1c. Alignment Loop & Strategic Meeting Cadence

Purpose: Iterate on compliance requirements, data classification, and architecture decisions until all stakeholders approve.

The Pattern

Kickoff Call (present v0, validate compliance frameworks)
    |
Architect updates compliance map + classification matrix --> v1
    |
Meeting 2: Compliance Deep Dive (validate with legal) --> v2
    |
Meeting 3: Architecture Review (approve approach with RevOps/IT) --> v3
    |
Final Review --> Sign-off

Meeting Schedule

Meeting TypeFocusStakeholder
Compliance Deep DiveData sensitivity levels, regulatory requirementsLegal/Compliance, Fed/PubSec Director
Architecture ReviewPartitioning approach, integration impactRevOps, CRM Admin, IT
Data ValidationAccount classification list, user role mappingSales Ops, Fed/PubSec Sales Lead
Final ReviewFull walkthrough of partitioning strategyAll stakeholders

Typical Timeline

MilestoneTiming
Pre-kickoff prep2-3 days
Kickoff callDay 1 of engagement
Compliance deep diveDays 3-5 (must have legal available)
Architecture reviewDays 5-8
Data validationDays 8-10
Final review + sign-offDays 10-14 (when all inputs confirmed)

1d. Strategic Sign-Off

Purpose: Confirm we have everything before proceeding to engineering.

Validation Checkpoint

  • Definition Alignment Document signed off by legal/compliance AND sales leadership
  • Compliance frameworks confirmed (ITAR/FedRAMP/DFARS/CMMC — which apply)
  • Data classification matrix finalized and approved
  • Partitioning approach selected and approved (single org RBAC, business units, or separate instance)
  • Account classification list provided (Fed/PubSec vs Commercial)
  • User role mapping complete (who gets what access)
  • Integration impact assessment reviewed
  • No blockers for engineering

Decision Point

  • Proceed to Engineering --> Standard path. Architecture approved, begin building RBAC + sharing rules.
  • Pause for external compliance review --> If ITAR applies and GovCloud assessment is needed, may require external legal or compliance audit before building.

Phase 2: Engineering

Goal: Build and test the partitioned CRM environment based on approved strategy.

Output: Fully configured CRM with RBAC, sharing rules, record types, data migration complete, integrations updated, reports built — tested and customer-approved.

This project is engineering-heavy. CRM configuration touches profiles, permission sets, role hierarchy, OWD settings, sharing rules, record types, custom fields, validation rules, page layouts, data migration, integration filters, and report/dashboard security. Expect 60-70% of project effort here.

Sub-Phases

2a Tech Spec --> 2b Engineering Handoff --> 2c Build --> 2d Test

2a. Tech Spec

Purpose: Translate the approved partitioning strategy into technical CRM specifications.

Input: Signed-off strategic package (compliance map, data classification matrix, architecture decision, account classification list, user role mapping)

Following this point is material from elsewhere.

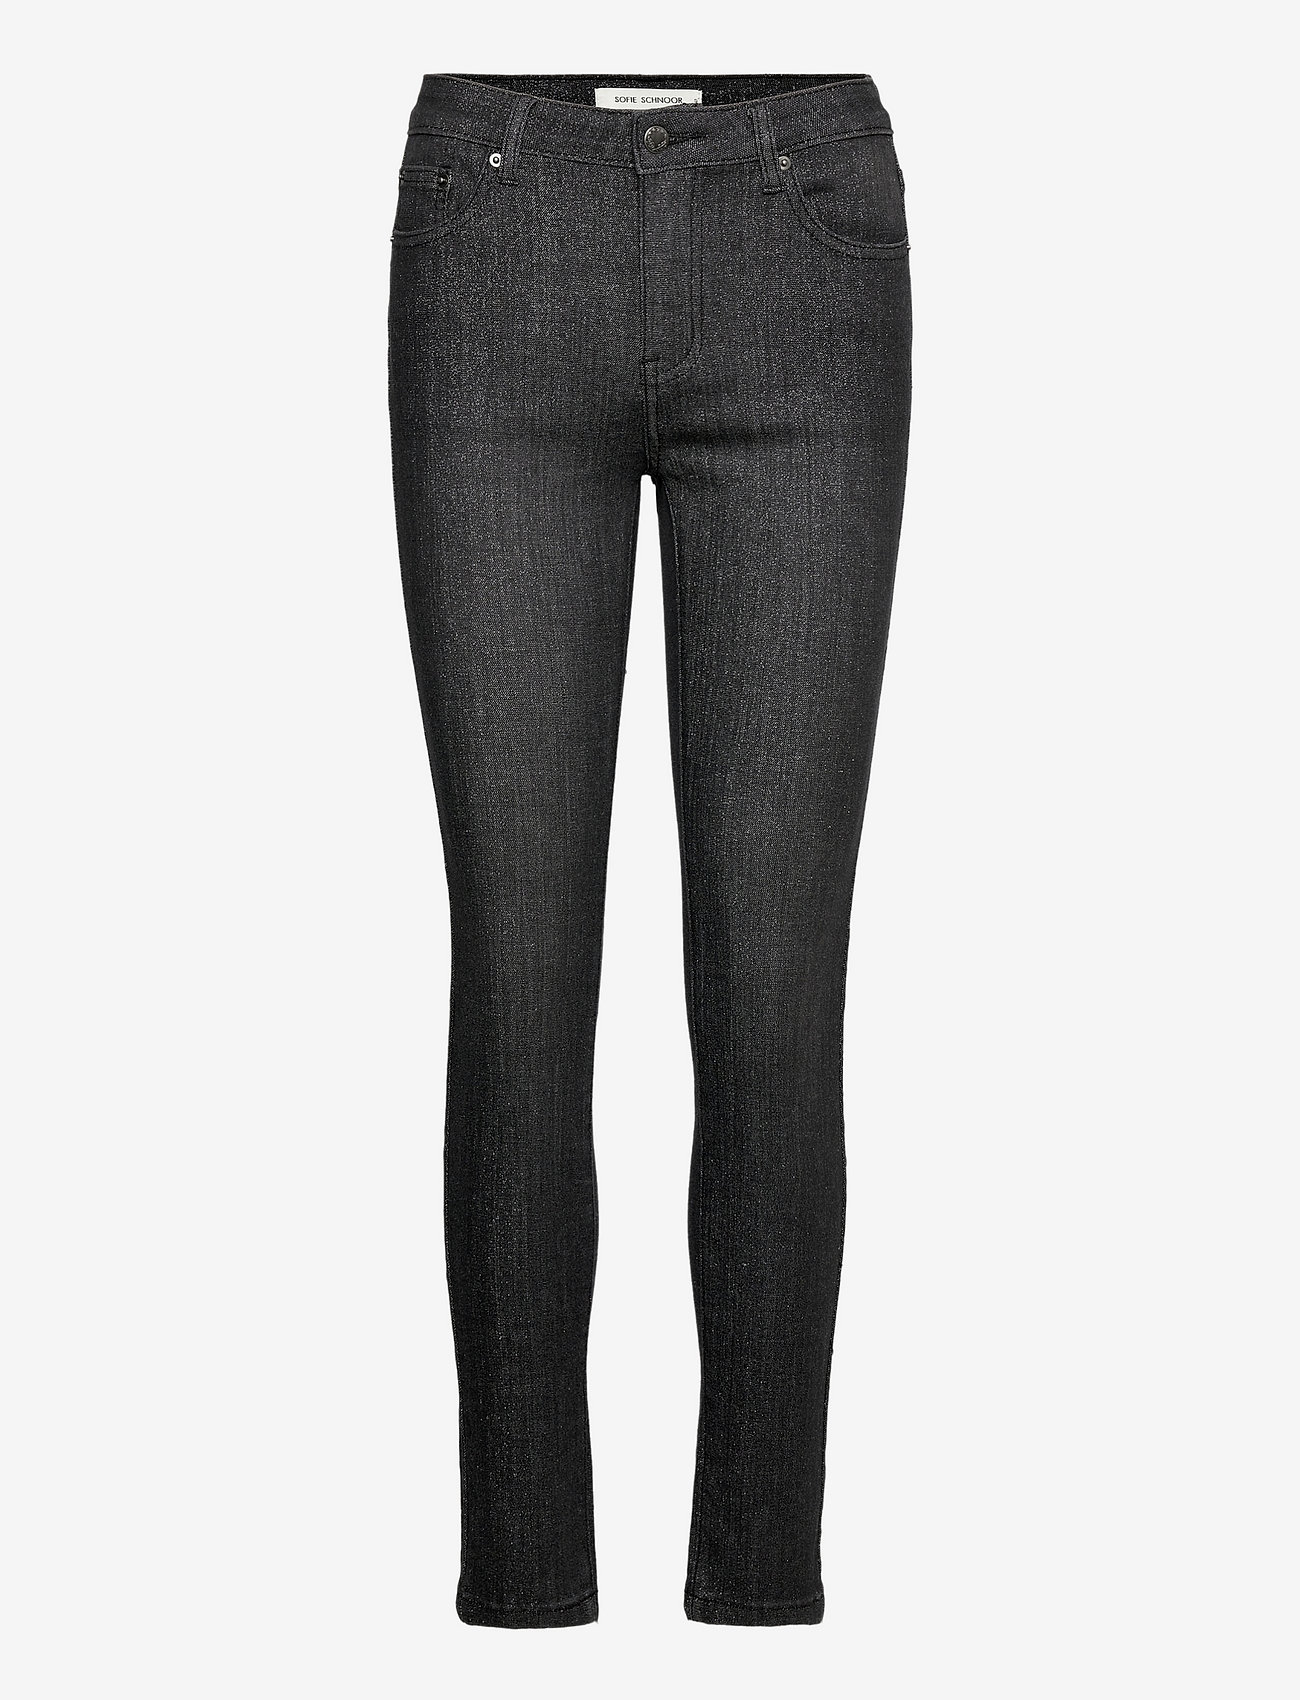 Sofie Schnoor - Jeans - dżinsy skinny fit - black - 0

Output: Draft tech spec containing:

  • Profile configuration specs: Fed/PubSec profiles cloned from existing sales profiles with field-level security adjustments
  • Permission set definitions: Fed/PubSec data access permission sets with object and field permissions
  • Role hierarchy design: Fed/PubSec branch separated from Commercial branch
  • OWD settings: Private for Accounts, Contacts, Opportunities (per object)
  • Sharing rule definitions: criteria-based rules for Fed/PubSec and Commercial segments
  • Record type specifications: Fed/PubSec record types for Account, Contact, Opportunity, Lead
  • Custom field specs: Business Segment picklist field, validation rules
  • Page layout assignments: segment-appropriate fields per profile
  • Data migration plan: existing record classification + update sequence
  • Integration update specs: per-integration filter and permission changes
  • Report/dashboard specs: segment-specific + executive roll-up views

2b. Engineering Handoff

Purpose: Review tech specs with CRM admin/engineer before building.

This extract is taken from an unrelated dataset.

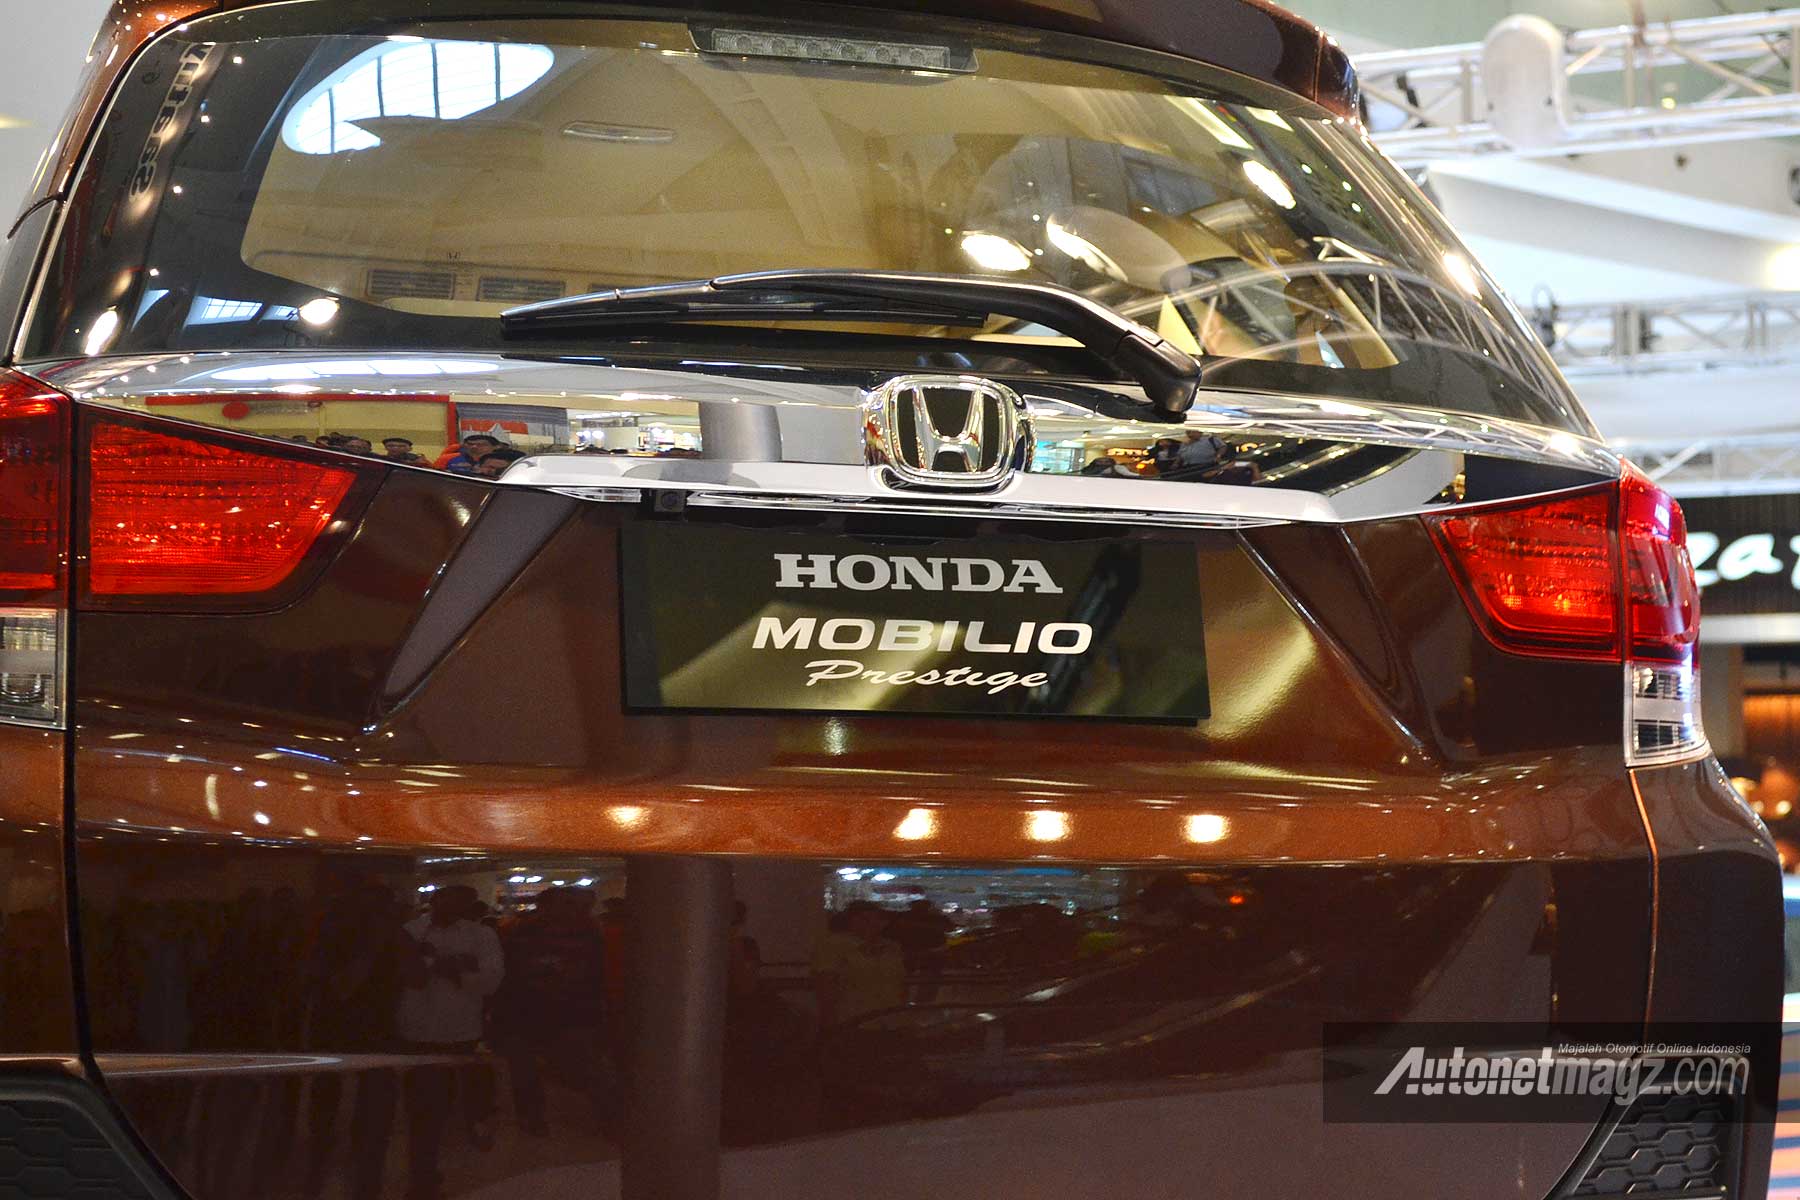 Honda Mobilio Prestige garnis krom belakang

Who attends: Architect + CRM Admin/Engineer

Agenda (45-60 min):

TimeTopicWhat Happens
0-15Walk through strategy contextArchitect explains compliance requirements + partitioning approach
15-30Review tech specProfile configs, sharing rules, role hierarchy, record types
30-45Integration impact reviewWhich integrations need updates, what filters to apply
45-60Data migration planningSequence, rollback plan, validation checkpoints

What Architect brings:

  • Strategic package (compliance map, data classification, architecture decision)
  • Draft tech spec (from 2a)
  • Questions: edge case account handling, integration user permissions, report folder structure

What engineer leaves with:

  • Approved tech spec
  • Build sequence: (1) Profiles/permissions --> (2) Role hierarchy --> (3) OWD + sharing rules --> (4) Record types + fields --> (5) Data migration --> (6) Integration updates --> (7) Reports/dashboards
  • Known risks: implicit sharing, integration user bypass, search scope

2c. Build (Configure)

Purpose: Build the partitioned CRM environment per approved tech spec.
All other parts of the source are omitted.